従来、この種の多芯筆記具において、特許文献1には、軸本体を前軸と後軸とにより構成し、互いを係合固定し、後軸には、前方に複数の脚部が形成され、スライダー(本願の操作体に相当)が摺動するスリットを前軸側の端部まで形成すると共に、該スリットにスライダーが摺動する摺動溝(本願の窓孔に相当)を形成した構造が開示されている。
特許第3384187号公報
前記従来の多芯筆記具は、スライダーが摺動するスリット前軸側の端部まで形成されているため、脚部が径方向内方に撓み易い。それにより、前記従来の多芯筆記具は、前軸と後軸との結合力が弱くなり、使用時に前軸に対して後軸がぐらついたり、前軸と後軸とが分離したりするおそれがある。

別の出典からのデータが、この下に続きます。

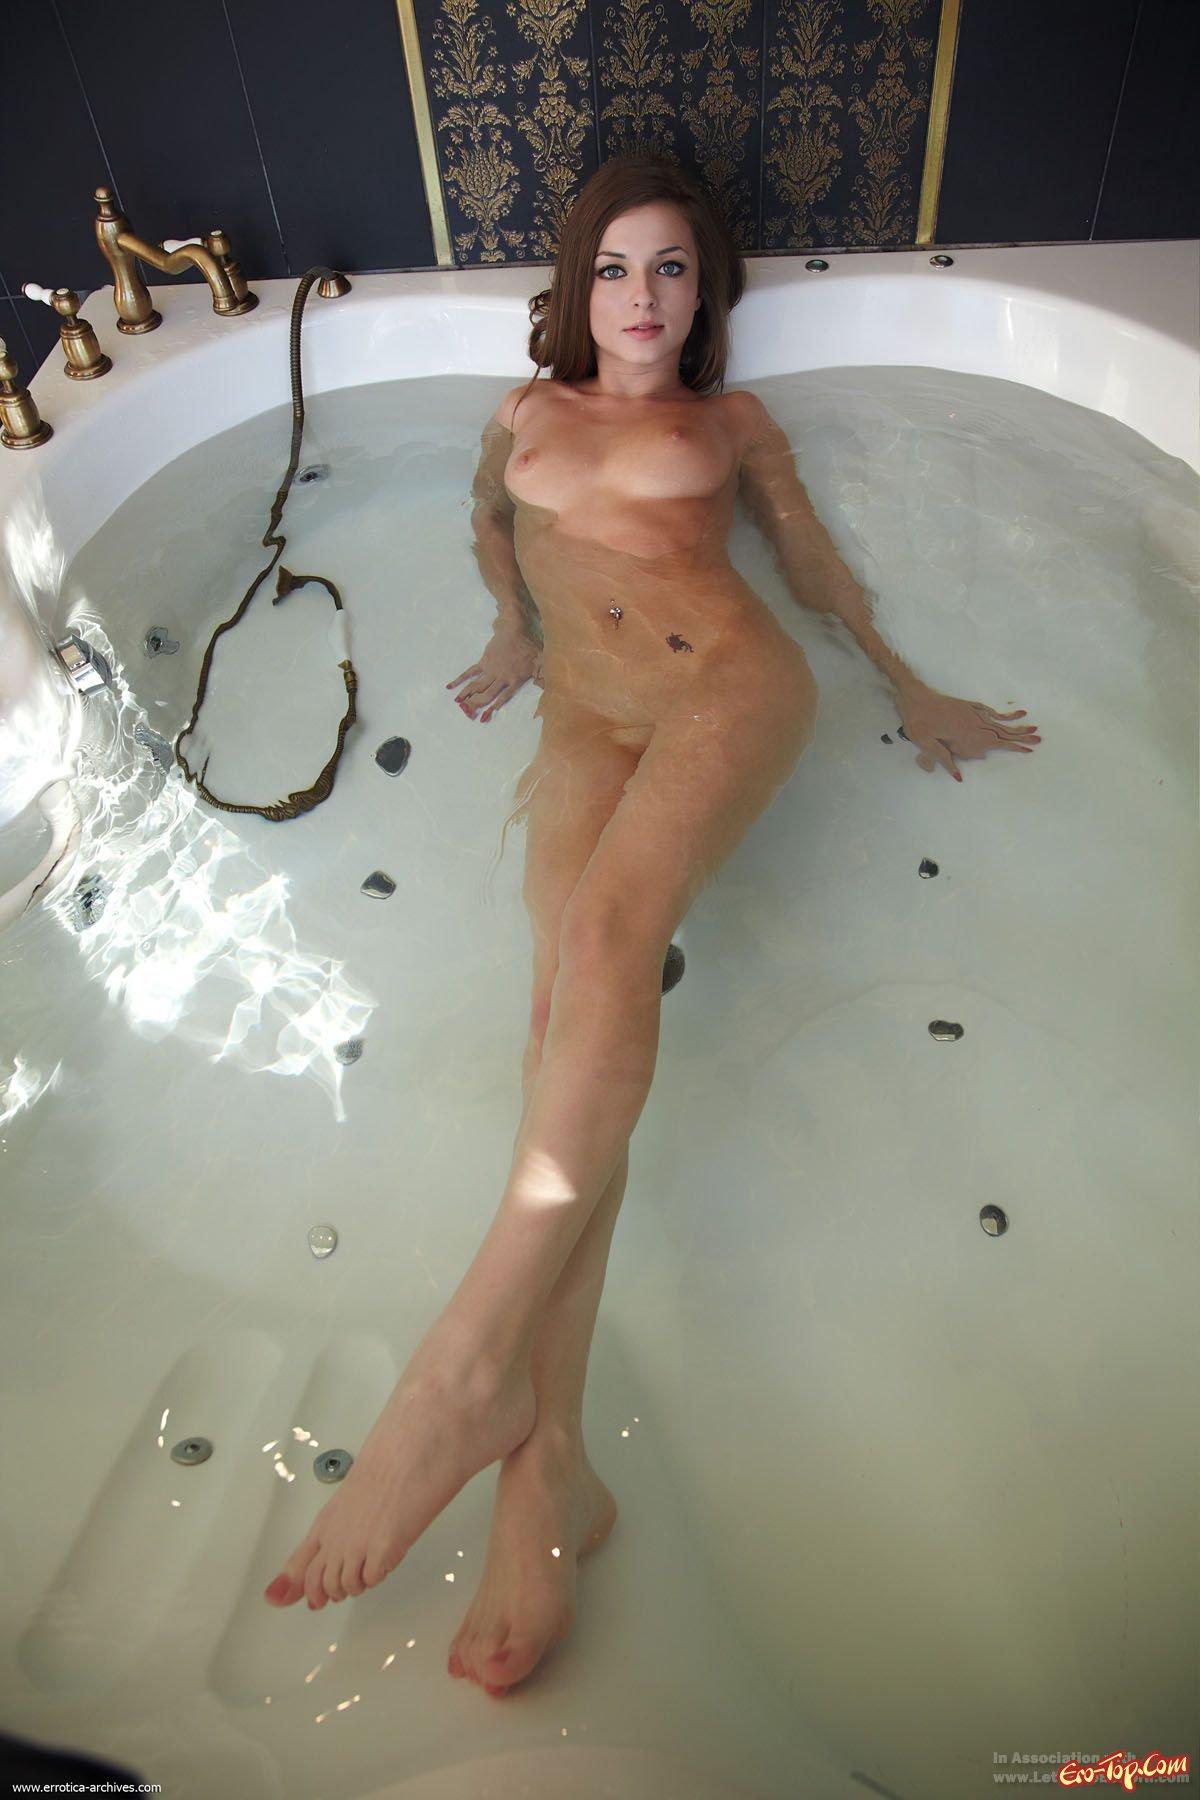 Милашка в ванне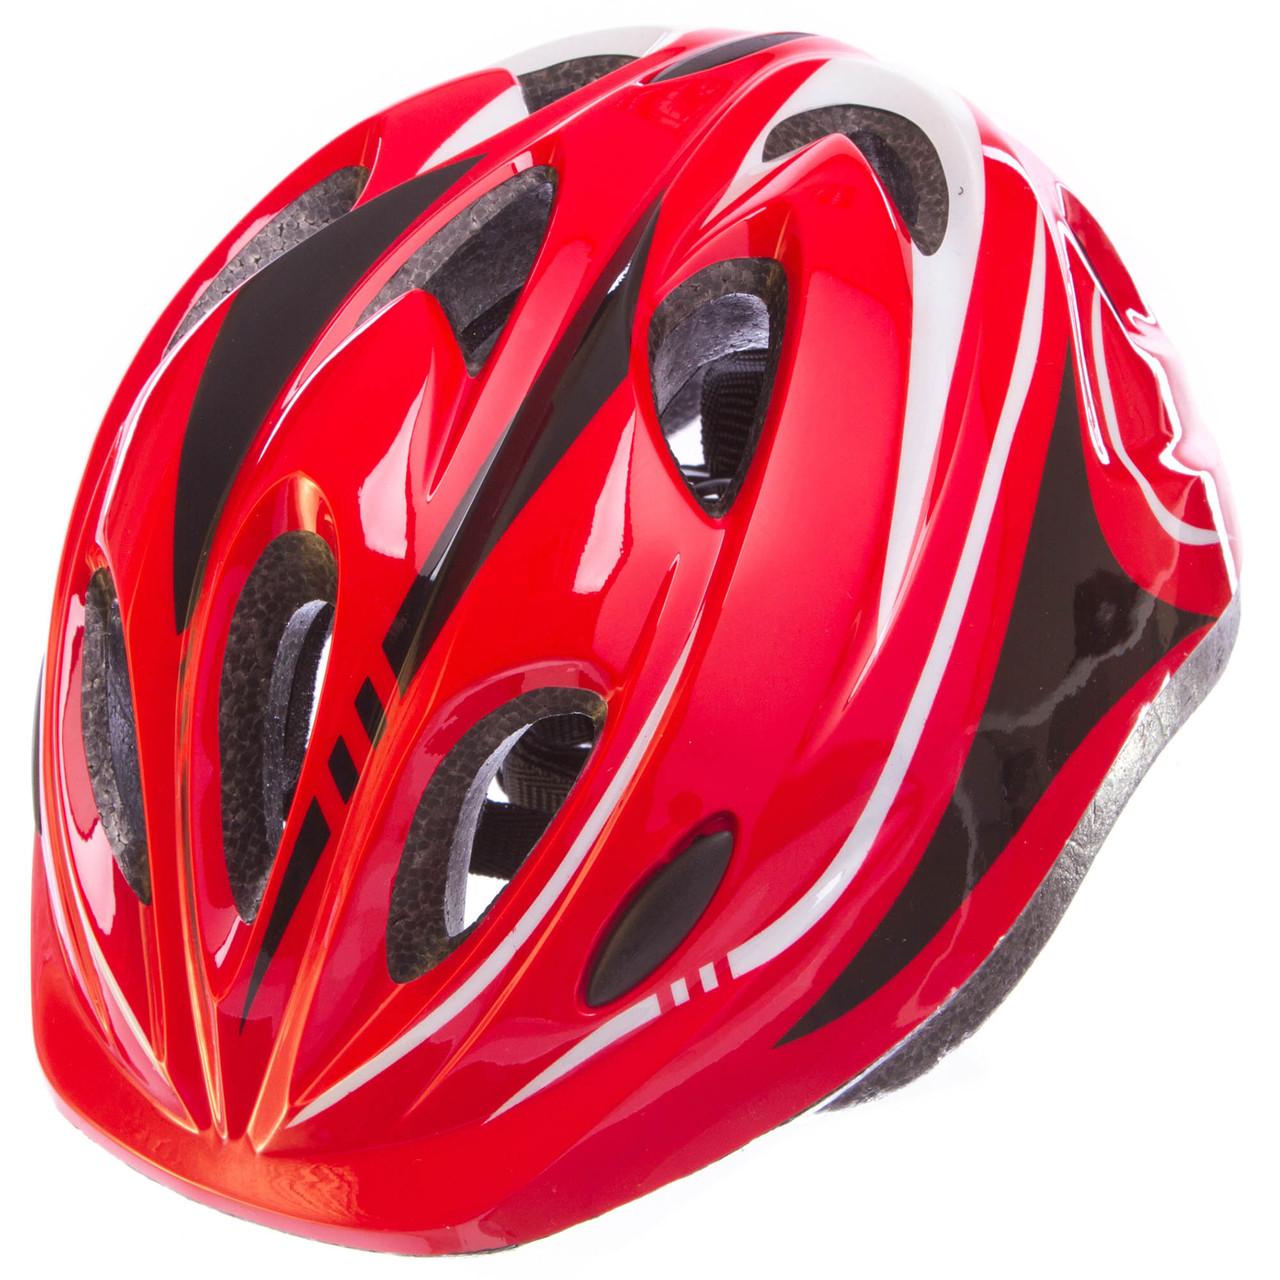 Шлем защитный с механизмом регулировки Zelart, EPS, PE, р-р L-54-56, 12 отверстий, красный (SK-5611)

本発明は前記従来の問題点を解決するものであって、前軸と後軸が強固に固定され、使用時に前軸に対して後軸がぐらついたり、前軸と後軸とが分離したりするおそれがない多芯筆記具を提供しようとするものである。
尚、本発明において、軸筒において、「前」とは前端孔側を指し、「後」とはその反対側を指し、筆記体において、「前」とはペン先側を指し、「後」とはその反対側を指す。
本願の第1の発明は、軸筒2が、前端に前端孔31を備えた前軸3と、該前軸3の後端に連結される後軸4とからなり、前記軸筒2内に複数の筆記体6を前後方向に移動可能に収容し、前記各々の筆記体6の後端に操作体7を連結し、前記各々の操作体7を後方に付勢する複数のスプリング8を軸筒2内に収容し、前記前軸3の内壁にスプリング8の前端を支持し且つ筆記体6が摺動する複数の内孔91を有するスプリング支持部9を設け、前記後軸4の側壁に前後方向に延びる複数の窓孔41を径方向に貫設し、前記各々の窓孔41から径方向外方に前記各々の操作体7を突出させ、一つの操作体7を窓孔41に沿って前方にスライドさせることにより、その一つの操作体7に連結された筆記体6のペン先61を前軸3の前端孔31から突出させるとともに、先に突出状態にあった他の筆記体6のペン先61を軸筒2内に没入させてなる多芯筆記具であって、前記前軸3の内面に複数の係合凹部32を周方向に分散状に設け、前記後軸4の前端部に軸方向に延び且つ径方向の可撓性を備えた複数の脚片42を設け、前記脚片42の径方向外面に係合凸部42aを設け、前記脚片42を前軸3の後端開口部に挿入し、前記係合凹部32と前記係合凸部42aとを係合固定させ、前記窓孔41の前端を連結壁部43によって閉鎖し、前記連結壁部43によって前記各々の脚片42間を連結してなることを要件とする。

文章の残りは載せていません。